The presenting complaints and their relation to age were investigated in 110 cases of childhood bacterial meningitis diagnosed at the Depts of Pediatrics, Universities of Oulu, Helsinki, and Turku, Finland. Fever and vomiting were the most frequent reasons for consulting a physician (60% and 31% respectively). Despite the frequency of irritability (85% of infants 1-5 mos), impaired consciousness (79% of infants 6-11 mos), and neck rigidity (78% of children 12 mos or older), these symptoms and signs prompted consultation infrequently (6%, 22%, and 3%, respectively). A short duration of symptoms correlated with absence of neck stiffness even in children older than 12 mos. The age-specific frequency of convulsions in 11-14% cases resembled that of simple febrile convulsions. Respiratory symptoms, a long duration of pre-diagnostic symptoms, and pre-diagnostic prescription of antimicrobial therapy were more frequent in patients with H. influenzae meningitis than in those with meningococcal disease. Earlier consultation and better prognosis might follow the better education of parents in the recognition of irritability and lethargy in addition to fever and vomiting as important suspect signs of meningitis in infants and children. [1]
COMMENT. In a busy ER the missed diagnosis of meningitis is not a rare occurrence, unfortunately. Physicians as well as parents might be reminded of the importance of irritability and lethargy as early signs of meningitis in the febrile child and the absence or late appearance of neck rigidity, especially in the infant.

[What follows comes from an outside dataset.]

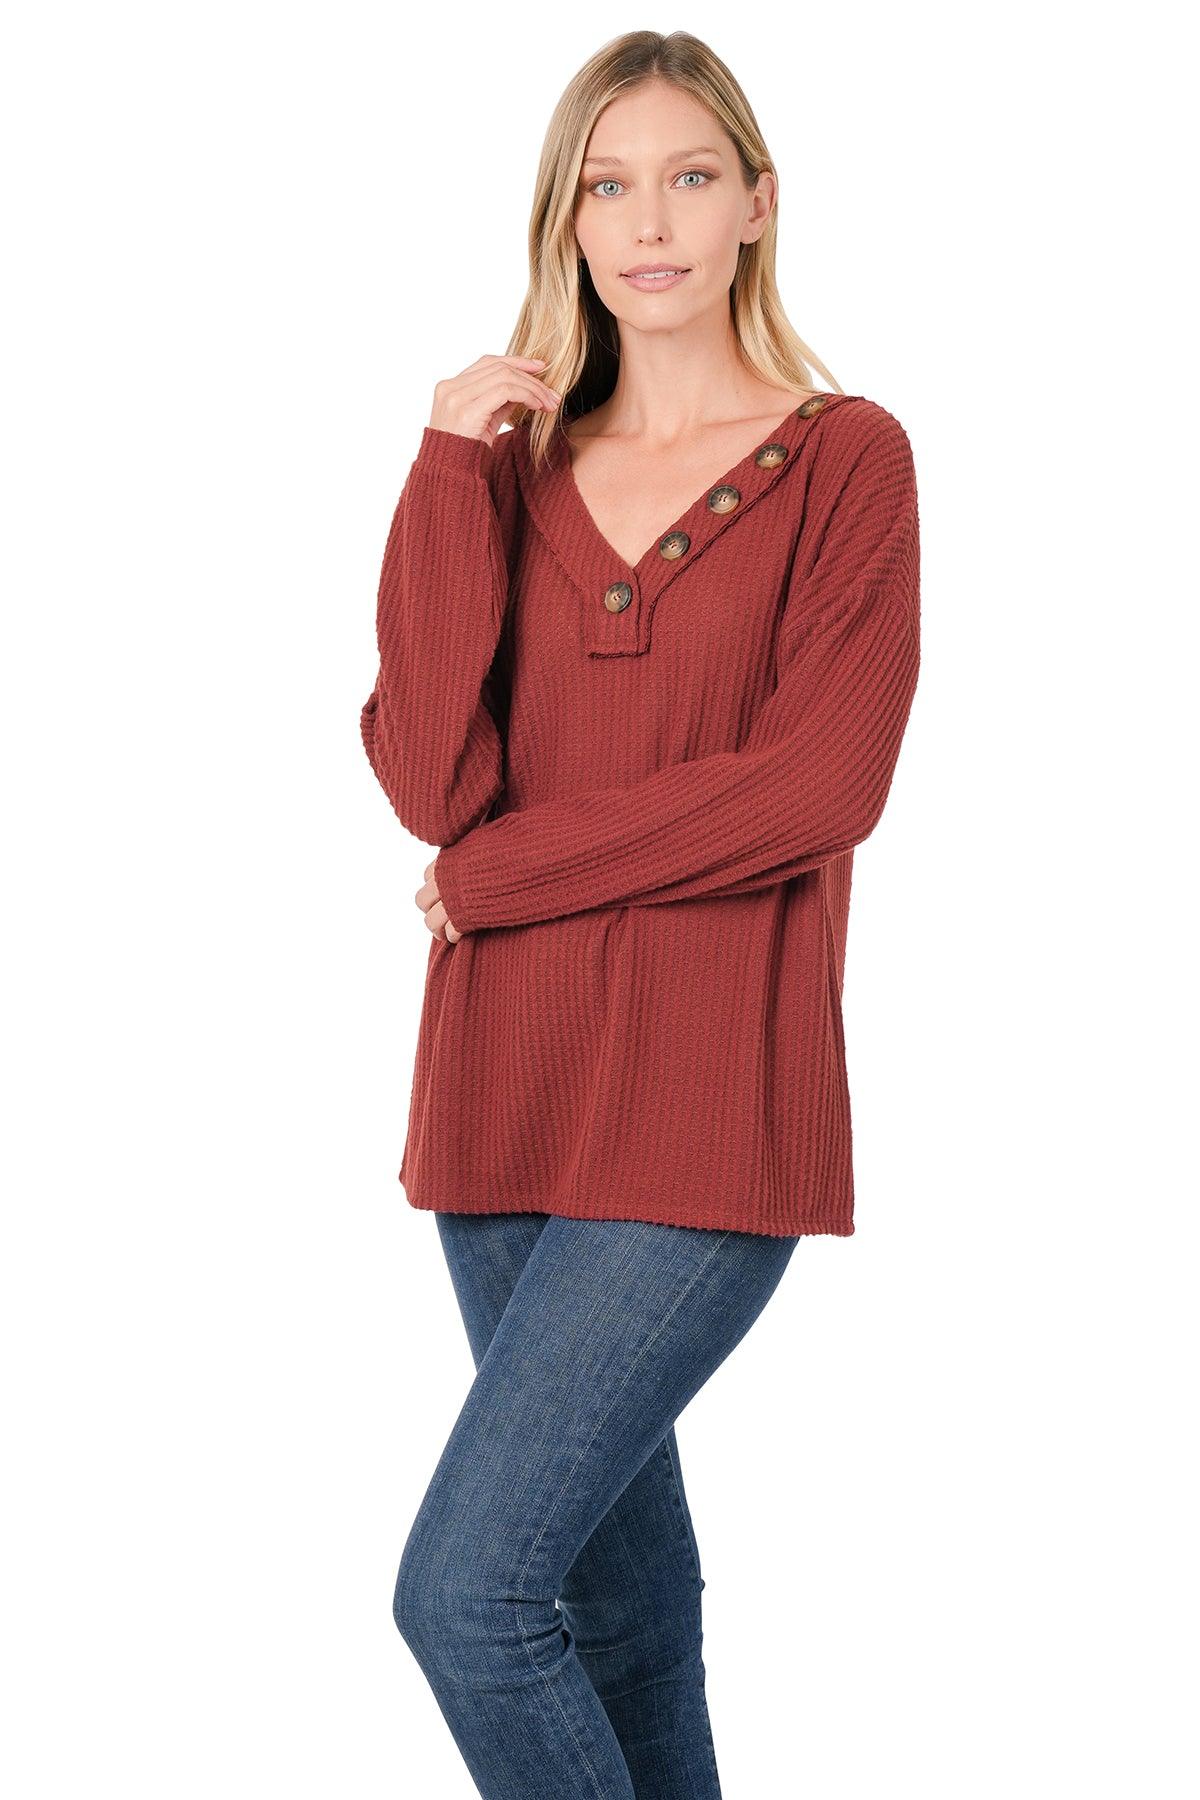 Fallin' Leaves Waffle Sweater - Lady Dorothy Boutique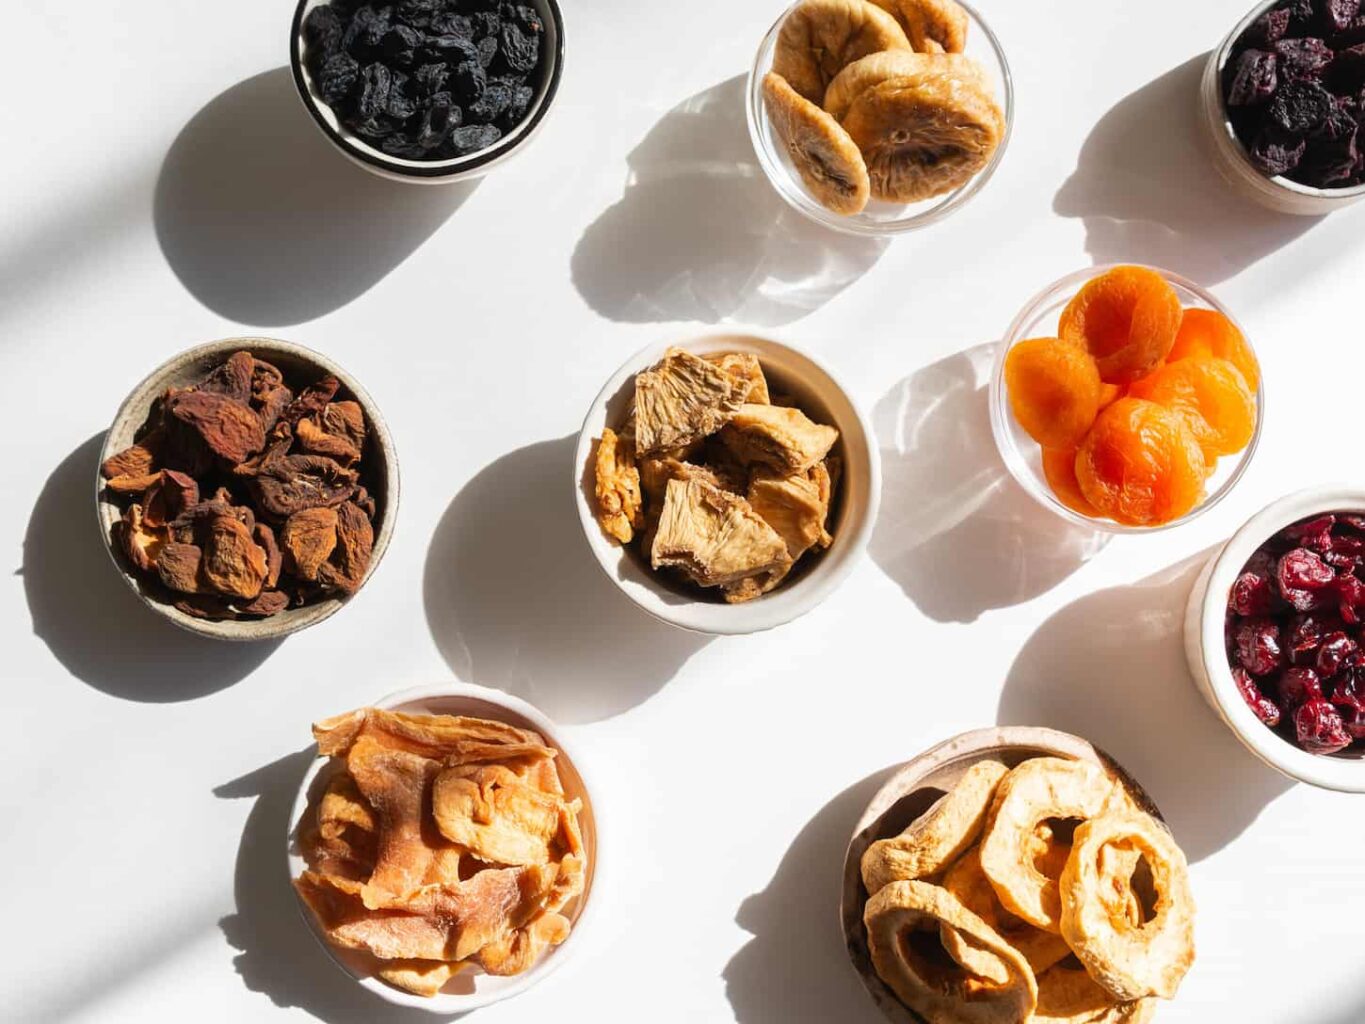 An image of dried or sun-dried berries and fruits in bowls on white background with shadows.

The decision to perform lumbar puncture in febrile children, even in those with an accompanying seizure, remains controversial. Of 241 children aged 6 mos to 6 yrs who came to the ER at Sinai Hospital or Johns Hopkins Hospital, Baltimore, with a first seizure and fever and who received a lumbar puncture, 94.6% did not have meningitis. Items in the history and examination predictive of meningitis were: (1) a visit to a physician in the prior 48 hours, (2) seizure in ER, (3) focal seizure, (4) petechiae, cyanosis, grunting respiration, and (5) abnormal neurologic signs. Item (5) was the most sensitive factor in diagnosis and the use of items (1) or (5) or both in the selection of children for L.P. would have identified all those with menigitis (5.4%) and would have spared 144 the need for L.P. The authors concluded that routine L.P. is not warranted if these risk factors are absent and provided that immediate follow-up is available [2]. This analysis approach may be useful for house staff but each child is an individual and the intuitive judgment of the experienced pediatrician is perhaps the best predictor of the need for L.P.